§ **PROMPT**: Output the entries below exactly, from the first line to the line holding "Sampdoria vs inter milan", both included.

BEGIN RECORD SET

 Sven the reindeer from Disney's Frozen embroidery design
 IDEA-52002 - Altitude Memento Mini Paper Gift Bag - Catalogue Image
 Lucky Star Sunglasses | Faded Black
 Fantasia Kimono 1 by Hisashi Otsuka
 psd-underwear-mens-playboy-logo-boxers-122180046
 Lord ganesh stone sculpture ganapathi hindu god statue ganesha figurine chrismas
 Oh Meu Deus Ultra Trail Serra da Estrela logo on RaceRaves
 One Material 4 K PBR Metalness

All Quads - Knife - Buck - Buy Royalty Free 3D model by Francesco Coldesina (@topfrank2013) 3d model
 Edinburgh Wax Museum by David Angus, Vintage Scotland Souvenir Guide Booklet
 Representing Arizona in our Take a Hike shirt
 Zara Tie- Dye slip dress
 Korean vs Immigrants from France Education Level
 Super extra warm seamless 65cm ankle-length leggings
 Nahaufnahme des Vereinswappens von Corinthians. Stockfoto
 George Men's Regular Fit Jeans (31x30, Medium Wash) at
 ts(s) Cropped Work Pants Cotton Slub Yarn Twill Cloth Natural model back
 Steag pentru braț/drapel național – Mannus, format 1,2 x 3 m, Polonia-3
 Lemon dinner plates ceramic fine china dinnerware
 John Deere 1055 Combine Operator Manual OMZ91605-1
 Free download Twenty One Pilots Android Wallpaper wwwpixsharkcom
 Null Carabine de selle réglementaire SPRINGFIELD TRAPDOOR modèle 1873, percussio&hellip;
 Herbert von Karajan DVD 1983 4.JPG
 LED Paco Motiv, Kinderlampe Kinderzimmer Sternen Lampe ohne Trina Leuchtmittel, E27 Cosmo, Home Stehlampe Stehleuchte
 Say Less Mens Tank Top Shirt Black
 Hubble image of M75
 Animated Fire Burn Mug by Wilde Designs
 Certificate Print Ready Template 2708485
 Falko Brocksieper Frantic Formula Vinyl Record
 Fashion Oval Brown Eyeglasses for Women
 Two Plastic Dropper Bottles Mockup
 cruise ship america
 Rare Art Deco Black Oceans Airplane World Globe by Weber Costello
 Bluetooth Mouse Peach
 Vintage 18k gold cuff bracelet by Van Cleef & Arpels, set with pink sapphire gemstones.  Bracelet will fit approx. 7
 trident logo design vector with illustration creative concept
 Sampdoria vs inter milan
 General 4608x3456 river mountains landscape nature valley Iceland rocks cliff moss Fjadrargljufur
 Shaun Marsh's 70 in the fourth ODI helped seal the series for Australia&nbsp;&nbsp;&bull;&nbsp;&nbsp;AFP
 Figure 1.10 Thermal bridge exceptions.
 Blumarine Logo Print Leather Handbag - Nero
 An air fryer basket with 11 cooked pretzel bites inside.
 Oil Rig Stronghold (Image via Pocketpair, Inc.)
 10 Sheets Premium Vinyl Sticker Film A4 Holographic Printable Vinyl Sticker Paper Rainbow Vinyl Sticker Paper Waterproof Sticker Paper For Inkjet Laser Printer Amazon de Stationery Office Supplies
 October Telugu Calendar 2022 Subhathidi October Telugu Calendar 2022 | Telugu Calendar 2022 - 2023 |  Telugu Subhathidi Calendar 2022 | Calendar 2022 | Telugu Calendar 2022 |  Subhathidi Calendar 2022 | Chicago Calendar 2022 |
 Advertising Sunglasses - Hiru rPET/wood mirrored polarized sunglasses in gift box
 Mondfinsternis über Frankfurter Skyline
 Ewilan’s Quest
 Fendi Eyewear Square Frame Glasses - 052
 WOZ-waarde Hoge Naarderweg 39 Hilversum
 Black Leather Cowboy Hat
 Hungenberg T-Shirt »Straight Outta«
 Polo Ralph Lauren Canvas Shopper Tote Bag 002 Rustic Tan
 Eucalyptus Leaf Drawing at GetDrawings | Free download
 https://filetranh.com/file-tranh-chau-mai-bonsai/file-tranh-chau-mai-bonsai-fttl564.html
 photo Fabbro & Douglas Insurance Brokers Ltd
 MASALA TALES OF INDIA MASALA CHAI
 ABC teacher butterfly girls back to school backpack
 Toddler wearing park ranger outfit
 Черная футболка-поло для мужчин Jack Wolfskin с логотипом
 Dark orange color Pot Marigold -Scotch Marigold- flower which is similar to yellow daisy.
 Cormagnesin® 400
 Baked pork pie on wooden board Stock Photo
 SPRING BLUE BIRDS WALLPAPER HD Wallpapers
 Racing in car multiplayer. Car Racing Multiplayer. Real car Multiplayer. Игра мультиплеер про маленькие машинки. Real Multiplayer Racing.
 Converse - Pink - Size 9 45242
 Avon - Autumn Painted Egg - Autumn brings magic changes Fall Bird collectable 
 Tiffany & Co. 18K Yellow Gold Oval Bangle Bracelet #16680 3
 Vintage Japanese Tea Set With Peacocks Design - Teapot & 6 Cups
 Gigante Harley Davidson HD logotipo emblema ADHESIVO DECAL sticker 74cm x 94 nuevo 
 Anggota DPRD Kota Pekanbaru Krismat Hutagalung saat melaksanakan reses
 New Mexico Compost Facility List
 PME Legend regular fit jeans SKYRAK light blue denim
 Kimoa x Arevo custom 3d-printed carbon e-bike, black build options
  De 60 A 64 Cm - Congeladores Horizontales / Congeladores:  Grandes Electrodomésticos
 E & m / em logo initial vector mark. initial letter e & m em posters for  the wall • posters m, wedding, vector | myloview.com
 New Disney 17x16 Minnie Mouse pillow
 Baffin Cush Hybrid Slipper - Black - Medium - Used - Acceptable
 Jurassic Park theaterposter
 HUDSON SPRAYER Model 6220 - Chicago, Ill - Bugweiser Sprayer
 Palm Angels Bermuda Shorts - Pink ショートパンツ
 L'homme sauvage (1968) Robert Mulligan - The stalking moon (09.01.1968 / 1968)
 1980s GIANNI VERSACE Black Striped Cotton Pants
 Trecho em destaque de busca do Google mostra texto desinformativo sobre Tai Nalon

END RECORD SET

§ **OUTPUT**:
 Sven the reindeer from Disney's Frozen embroidery design
 IDEA-52002 - Altitude Memento Mini Paper Gift Bag - Catalogue Image
 Lucky Star Sunglasses | Faded Black
 Fantasia Kimono 1 by Hisashi Otsuka
 psd-underwear-mens-playboy-logo-boxers-122180046
 Lord ganesh stone sculpture ganapathi hindu god statue ganesha figurine chrismas
 Oh Meu Deus Ultra Trail Serra da Estrela logo on RaceRaves
 One Material 4 K PBR Metalness

All Quads - Knife - Buck - Buy Royalty Free 3D model by Francesco Coldesina (@topfrank2013) 3d model
 Edinburgh Wax Museum by David Angus, Vintage Scotland Souvenir Guide Booklet
 Representing Arizona in our Take a Hike shirt
 Zara Tie- Dye slip dress
 Korean vs Immigrants from France Education Level
 Super extra warm seamless 65cm ankle-length leggings
 Nahaufnahme des Vereinswappens von Corinthians. Stockfoto
 George Men's Regular Fit Jeans (31x30, Medium Wash) at
 ts(s) Cropped Work Pants Cotton Slub Yarn Twill Cloth Natural model back
 Steag pentru braț/drapel național – Mannus, format 1,2 x 3 m, Polonia-3
 Lemon dinner plates ceramic fine china dinnerware
 John Deere 1055 Combine Operator Manual OMZ91605-1
 Free download Twenty One Pilots Android Wallpaper wwwpixsharkcom
 Null Carabine de selle réglementaire SPRINGFIELD TRAPDOOR modèle 1873, percussio&hellip;
 Herbert von Karajan DVD 1983 4.JPG
 LED Paco Motiv, Kinderlampe Kinderzimmer Sternen Lampe ohne Trina Leuchtmittel, E27 Cosmo, Home Stehlampe Stehleuchte
 Say Less Mens Tank Top Shirt Black
 Hubble image of M75
 Animated Fire Burn Mug by Wilde Designs
 Certificate Print Ready Template 2708485
 Falko Brocksieper Frantic Formula Vinyl Record
 Fashion Oval Brown Eyeglasses for Women
 Two Plastic Dropper Bottles Mockup
 cruise ship america
 Rare Art Deco Black Oceans Airplane World Globe by Weber Costello
 Bluetooth Mouse Peach
 Vintage 18k gold cuff bracelet by Van Cleef & Arpels, set with pink sapphire gemstones.  Bracelet will fit approx. 7
 trident logo design vector with illustration creative concept
 Sampdoria vs inter milan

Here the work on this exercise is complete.